The discussion revolves around integrating a complex function for velocity, specifically the equation $$v = \sqrt{2g\frac{T-v \pi r^2t}{\pi R^2}}$$ where g, T, r, and R are constants. The goal is to find a relationship between velocity and time to derive a displacement equation.
Participants are actively engaging with the problem, offering suggestions on how to proceed with the integration. Some guidance has been provided on solving for velocity as a function of time and the potential complexity of the resulting quadratic equation.
There is an acknowledgment of the complexity involved in the integration process, and participants express a need for clarification on the setup and assumptions regarding the variables involved.
Sewager said:Homework Statement
Integrate
$$v = \sqrt{2g\frac{T-v \pi r^2t}{\pi R^2}}$$
where g,T,r,R are constants
Homework Equations
N/A
The Attempt at a Solution
I tried playing around with the variables, but I am not sure how to integrate this. Just give me a little bit of hint would do. Thanks!
Ray Vickson said:Integrate what? Are you solving for ##v##as a function of ##r## or ##t## for example, then calculating ##\int v\, dr## or ##\int v\, dt##? Or, are you solving for (say) ##r## as a function of ##v## then computing ##\int r \, dv##? Or are you trying to do something else?
Sewager said:I sincerely apologize for my lack of explanations.

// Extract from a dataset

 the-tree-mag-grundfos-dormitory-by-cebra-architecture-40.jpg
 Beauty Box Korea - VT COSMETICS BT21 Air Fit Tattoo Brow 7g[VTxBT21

v is velocity and t is time. The rest are just constants. I want to integrate velocity vs. time to find the displacement equation
Thank you very much, I think I have a basic understanding now! Very appreciate it!Ray Vickson said:It will be messy. Just solve for ##v## as a function of ##t## (I.e., ##v = f(t)##) then integrate, or try to. You will get a quadratic equation in ##v##, so there will be two roots (that is, two functions ##v = f_1(t)## or ##v = f_2(t)##) and you will need to figure out which one is the correct root, probably using other information that you have.